- **Aim of the task**:
A full, word-for-word copy of the listing below is needed; leave the images out of it.

- **Source data**:
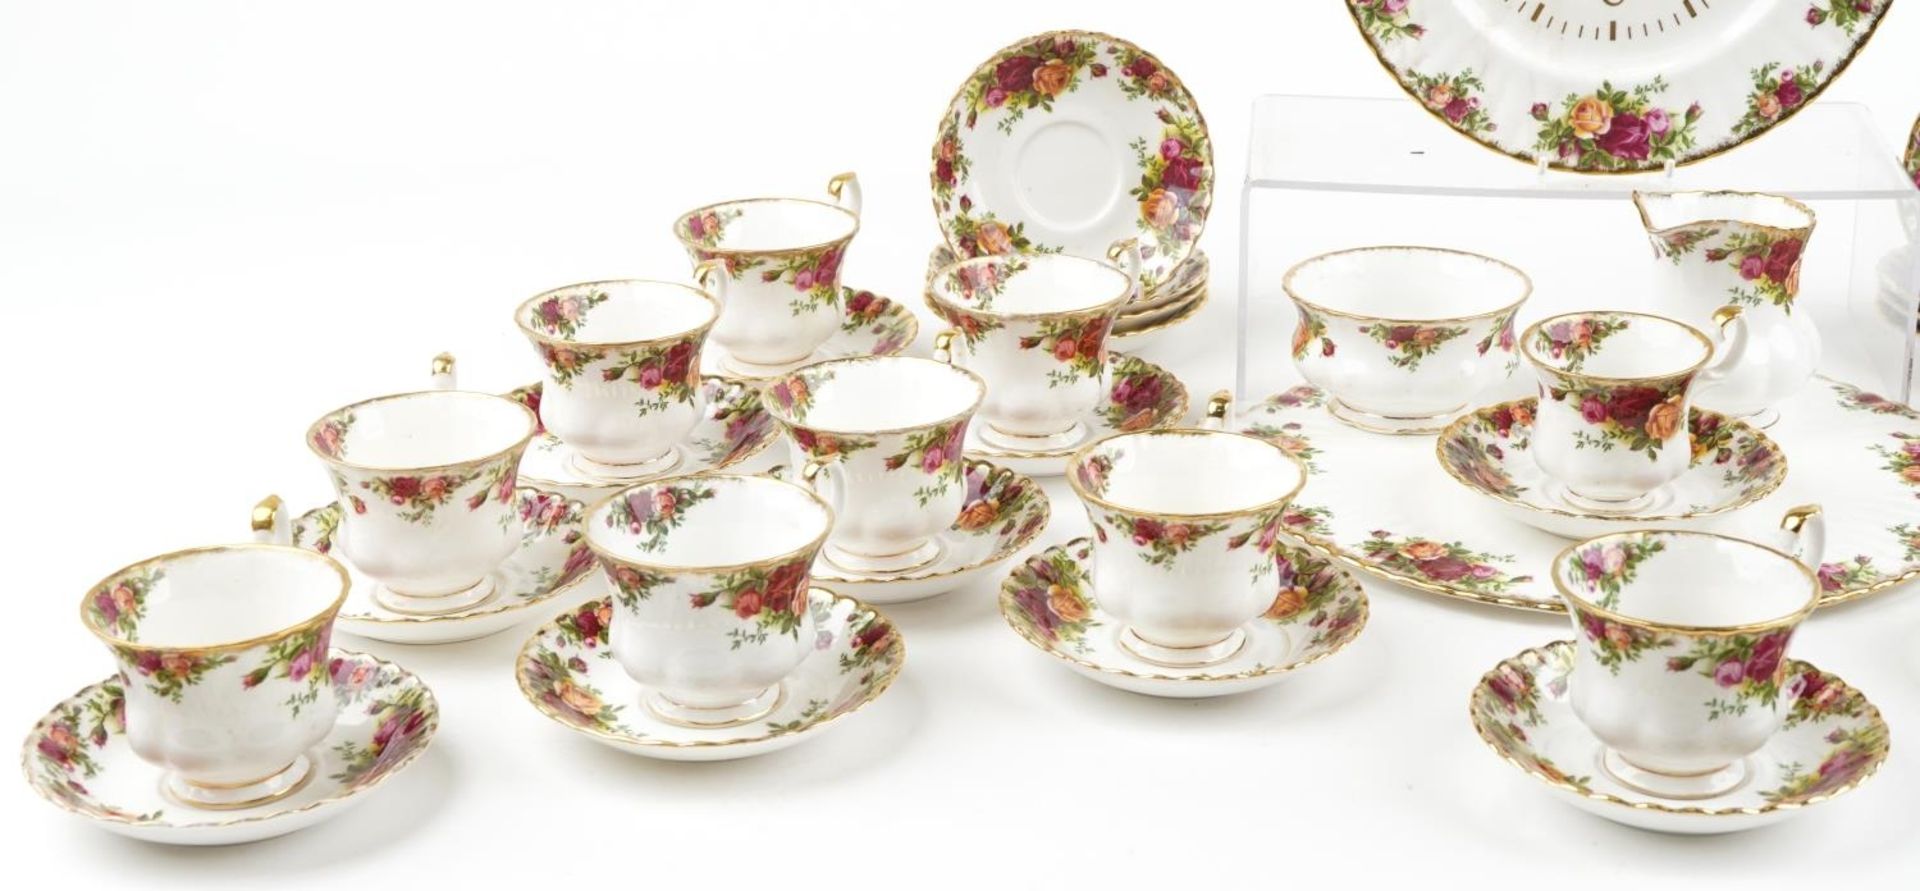 Royal Albert Old Country Roses china including various teaware, wall clock and cake tray, 35cm - Bild 3 aus 5
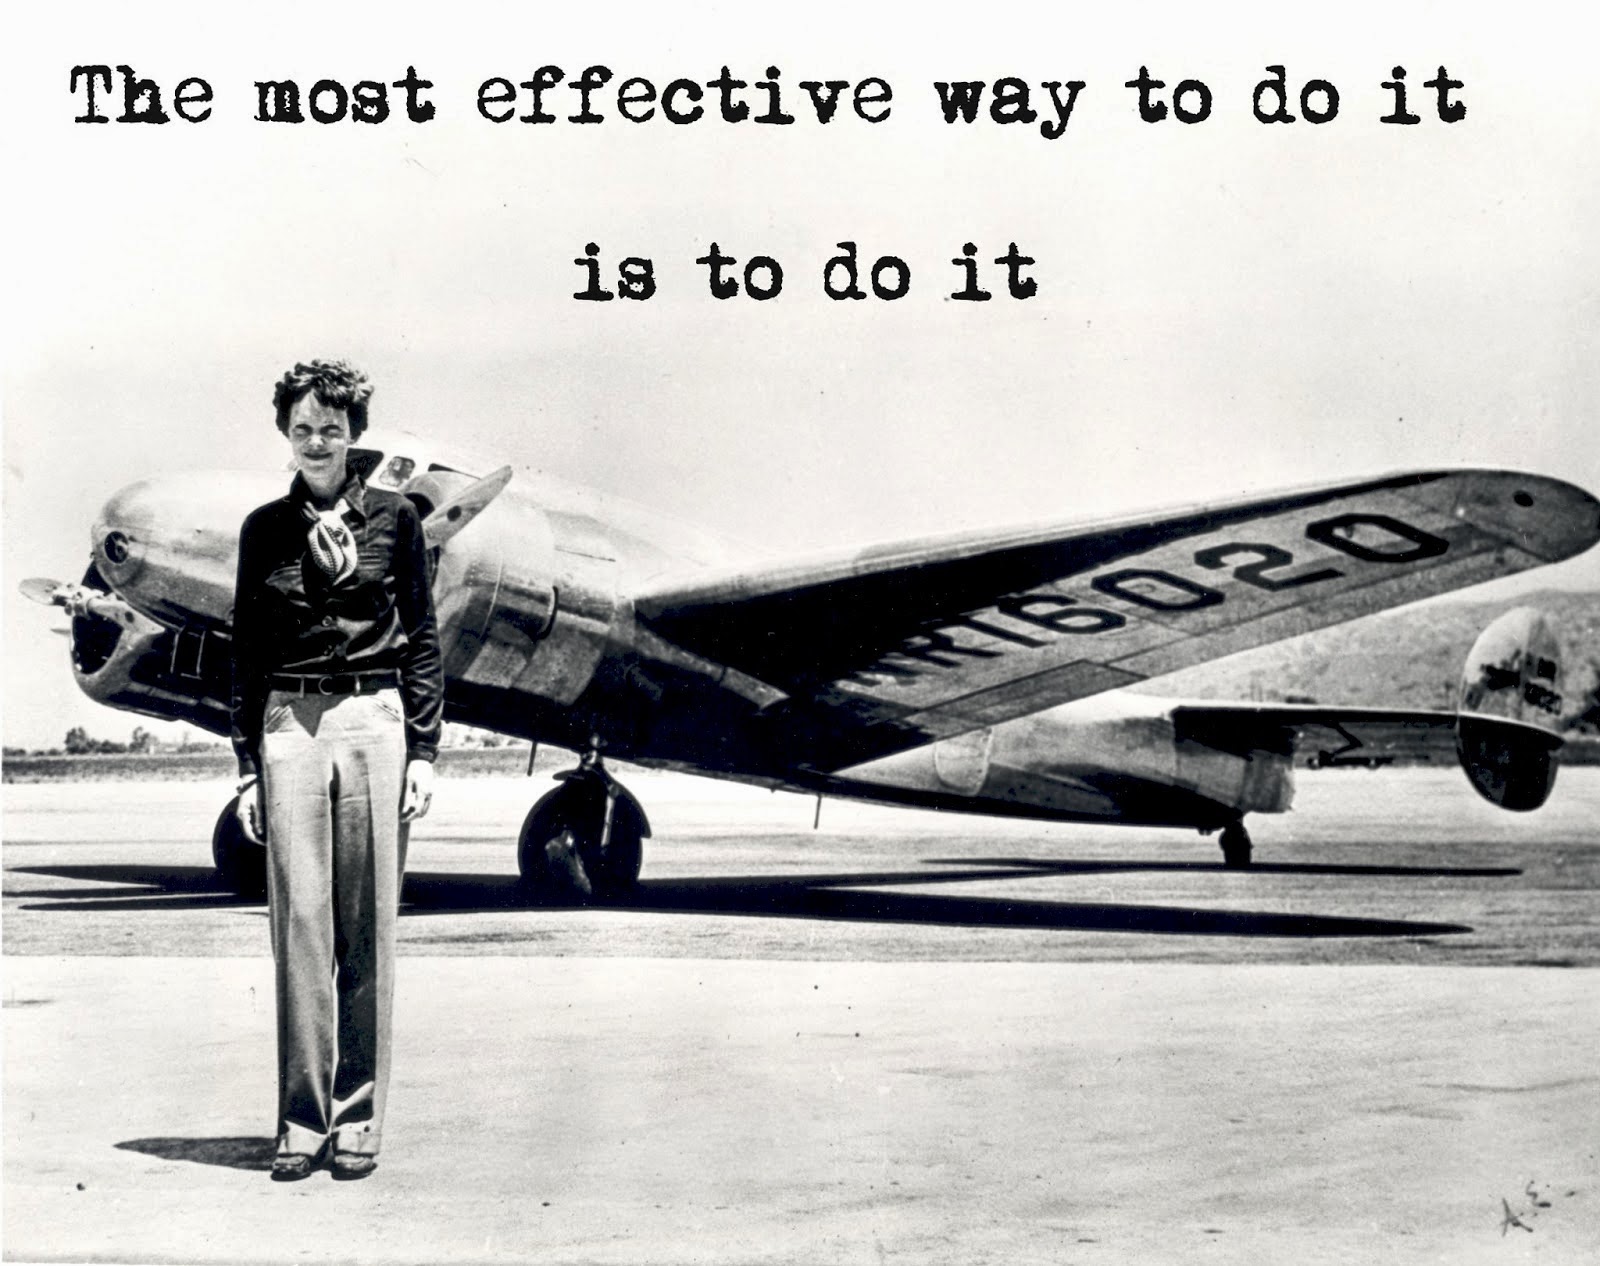 Amelia Earhart_The most effective way to do it is to do it
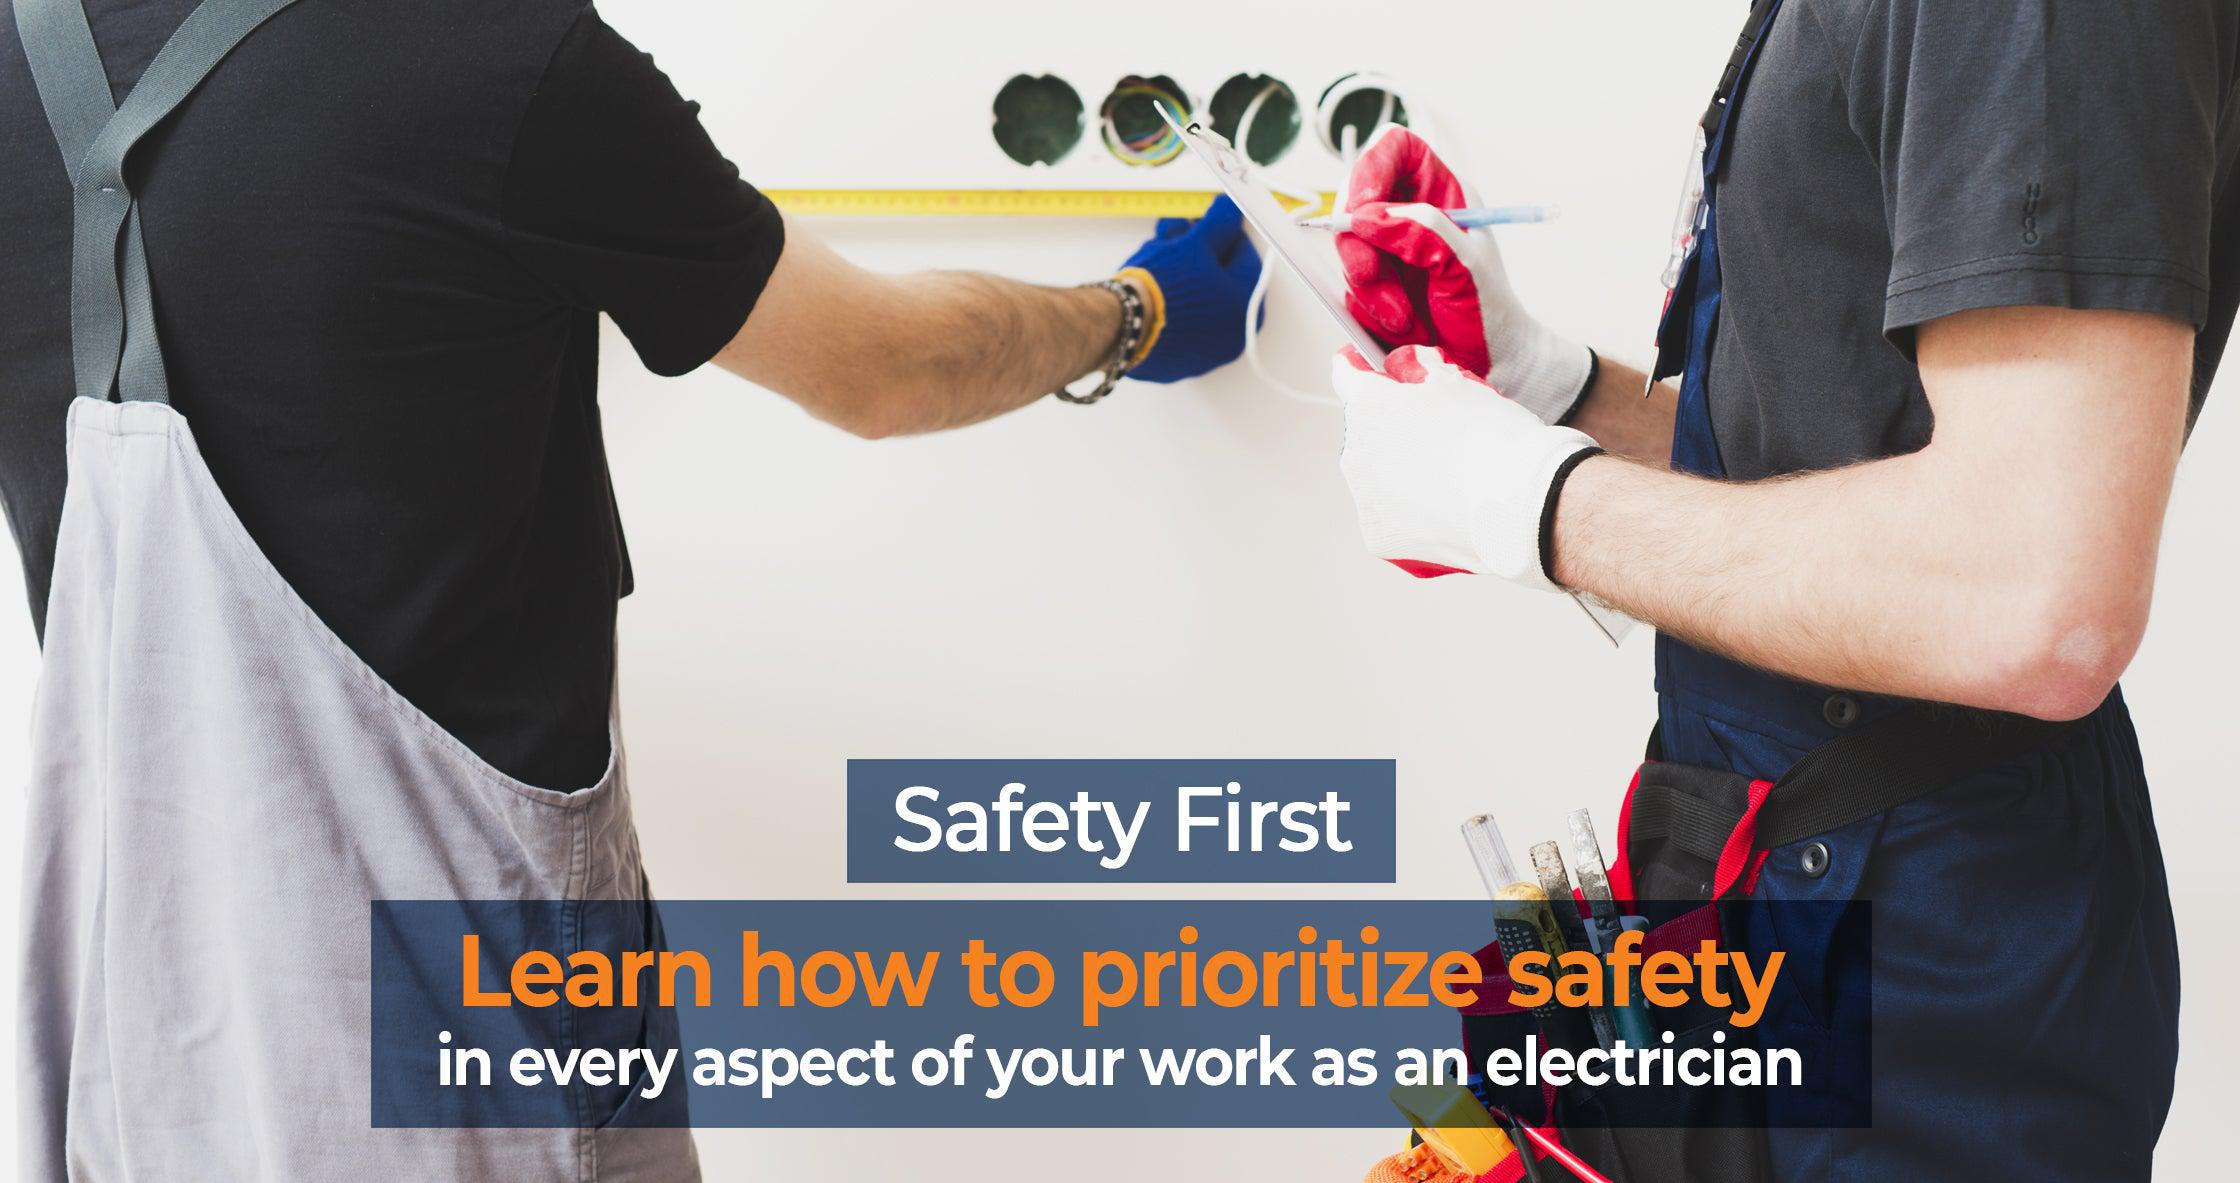 Safety First - Learn how to prioritize safety in every aspect of your work as an electrician.

- **Written answer**:
 Royal Albert Old Country Roses china including various teaware, wall clock and cake tray, 35cm - Bild 3 aus 5
 Amelia Earhart_The most effective way to do it is to do it
 Safety First - Learn how to prioritize safety in every aspect of your work as an electrician.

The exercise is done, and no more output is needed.